Recep Tayyip Erdogan. Foto por Reuters
Recep Tayyip Erdogan. Foto por Reuters

En solo unos días, Rusia tuvo un conflicto con Irán. Teherán expresó oficialmente su protesta contra un comunicado firmado por Moscú tras el diálogo estratégico con el Consejo de Cooperación de los Estados Árabes del Golfo Pérsico. El motivo de la indignación de la parte iraní fue el punto en el que los participantes de la reunión expresaron su apoyo a los esfuerzos de los Emiratos Árabes para resolver pacíficamente la disputa territorial sobre tres islas en el Estrecho de Ormuz, que Irán reclama. Como señalan los observadores rusos, la prensa iraní después de eso comenzó a cuestionar la confiabilidad de la alianza con Moscú y a pedir a los líderes iraníes que condenaran las acciones rusas en Ucrania.

Incluso los Estados africanos, que, según los propagandistas del Kremlin, buscan «deshacerse de la dependencia neocolonial» bajo el liderazgo de Moscú, en la práctica continúan haciendo negocios con Occidente mucho más productivo que con Rusia. Incluso los expertos del Valdai Club admiten que el resultado de la cumbre Rusia-África fue la firma de contratos por valor de 12.5 mil millones de dólares, mientras que el indicador similar de la cumbre EEUU.-África es de 55 mil millones de dólares, y el resultado de la cumbre de los países africanos y la UE fue un paquete de inversión por valor de 168 mil millones de dólares.
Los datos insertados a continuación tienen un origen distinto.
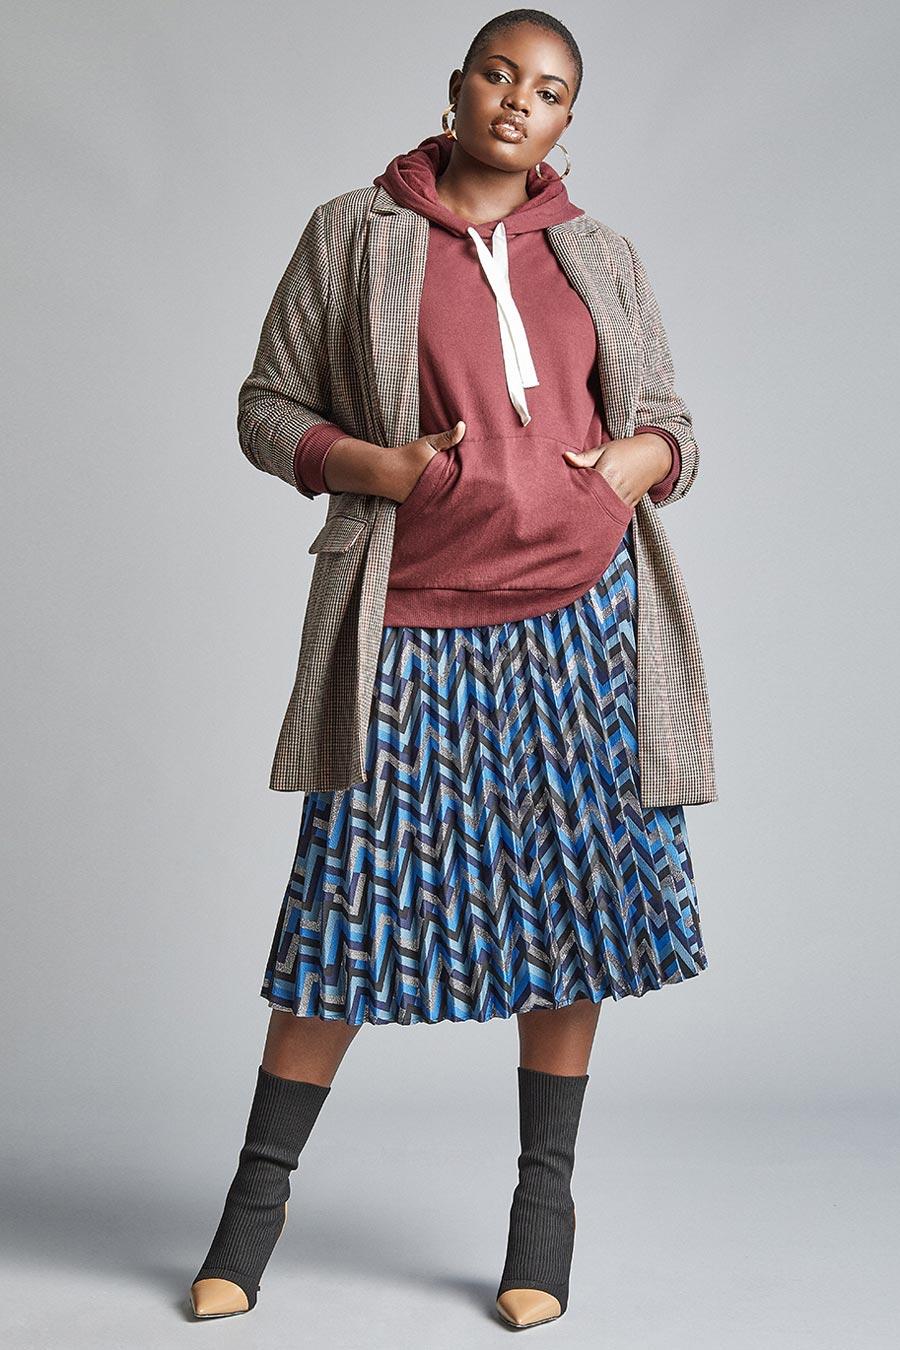 Eloquii Chevron Print Midi Skirt

Un nuevo informe publicado por los expertos del Valdai Club a mediados de julio también señala que las empresas rusas han decepcionado a los socios africanos al no entender cómo trabajar en este continente. Por su parte, los países africanos no estuvieron a la altura de las expectativas políticas de Moscú. Por ejemplo, 30 países africanos votaron a favor de la resolución sobre la integridad territorial de Ucrania y ninguno se pronunció en contra.
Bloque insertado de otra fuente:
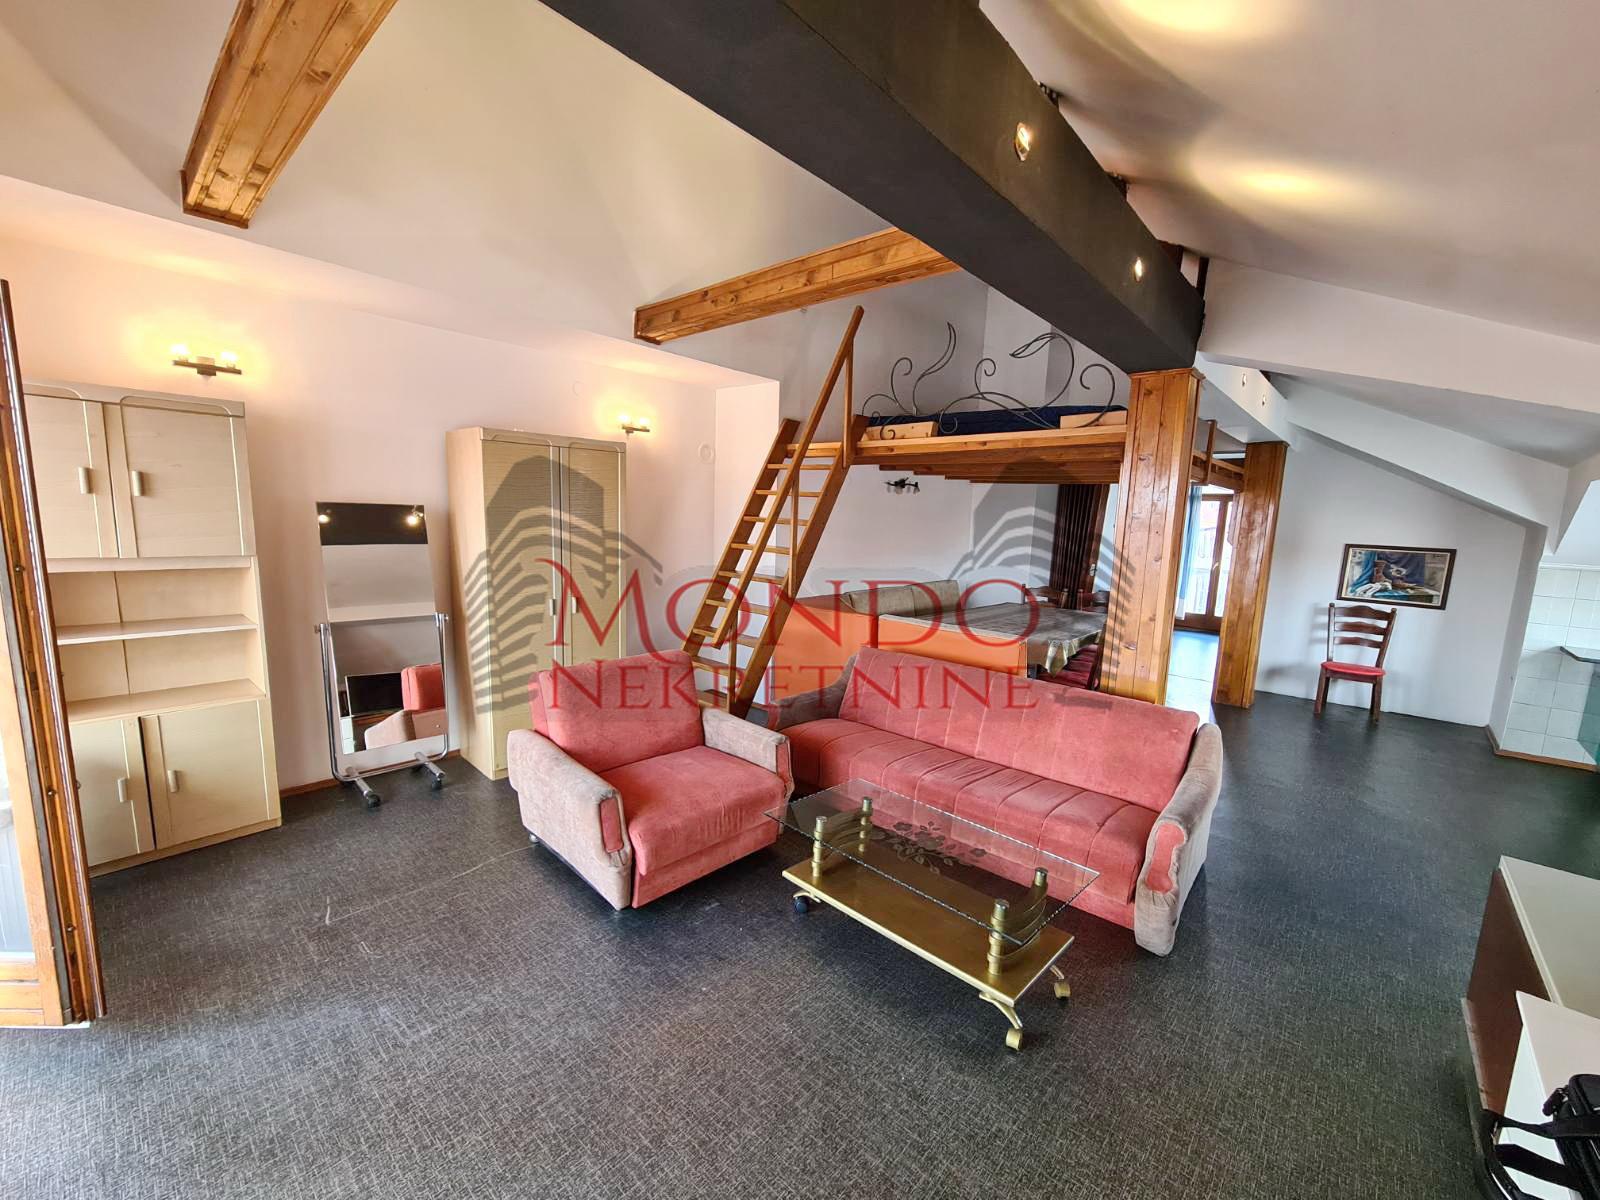 Izdaje se dvosoban stan u kuci sa posebnim ulazom  Duvaniste

La cumbre Rusia-África, archivo. Foto por AP
La cumbre Rusia-África, archivo. Foto por AP

Sin embargo, uno no debe pensar que la sociedad rusa es capaz de notar el constante cambio de paradigma y la designación de amigos y héroes de ayer por enemigos tanto dentro como fuera del país. Un cambio tan radical de narrativas se practicaba antes, pero no provocó disonancia entre los consumidores de propaganda.
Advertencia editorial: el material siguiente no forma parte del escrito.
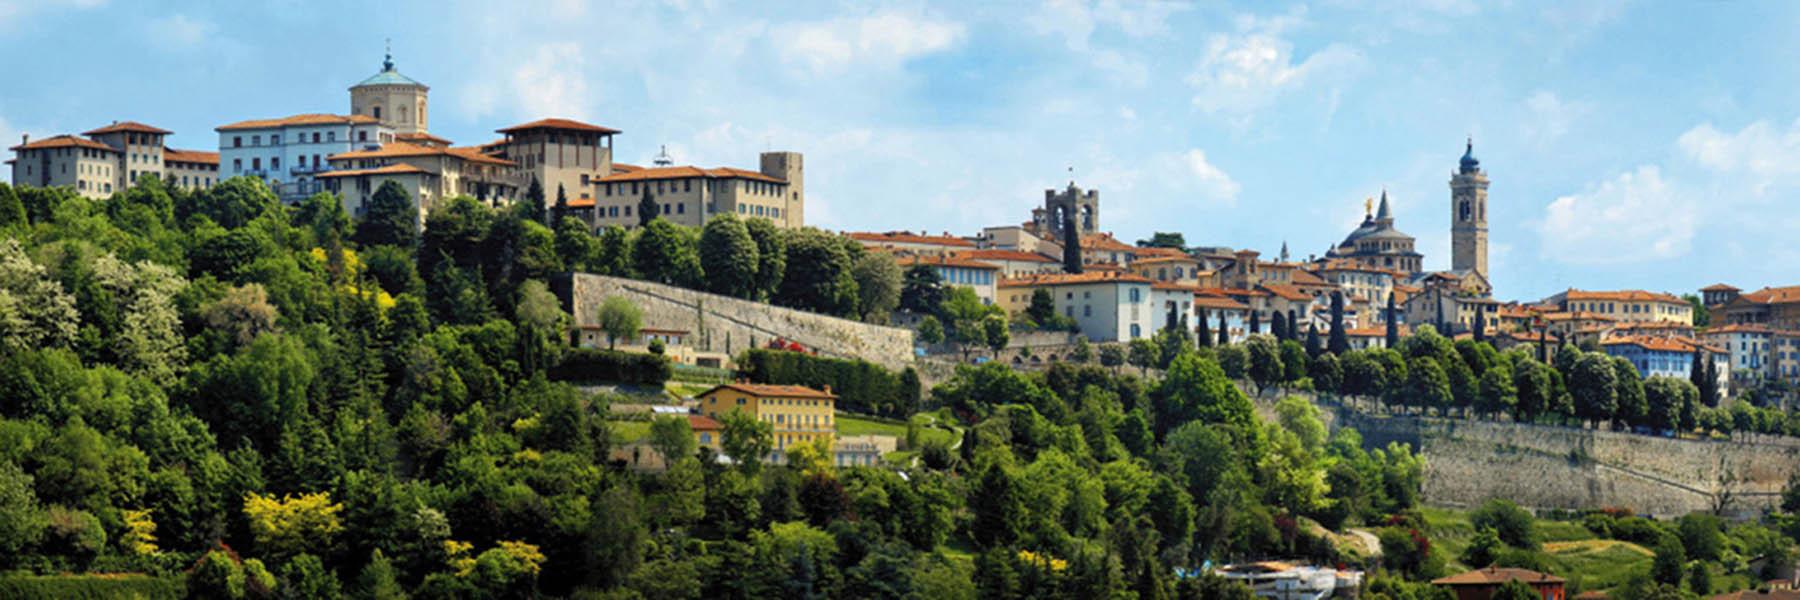 Bergamo Alta, unser Geheimtipp für Italophile und Expo-Besucher - Golf & Design Lombardei

Por ejemplo, en 2011, se estrenó en la televisión rusa una serie de películas documentales, El Padrino, que expuso los crímenes de Alexander Lukashenko, pero esto no impidió que la mayoría de los rusos percibiera al dictador bielorruso como el aliado más cercano de Moscú. Y ahora, en el contexto del estrés causado por la guerra, los sociólogos notan cada vez más el hábito de los rusos de tomar todos los eventos como un hecho, sin analizar la información entrante. A pesar de esto, la amarga lucha dentro del país y la inconsistencia en las relaciones con los aliados pueden debilitar la posición de Rusia, y Ucrania, al igual que los países occidentales, debería aprovechar esta situación.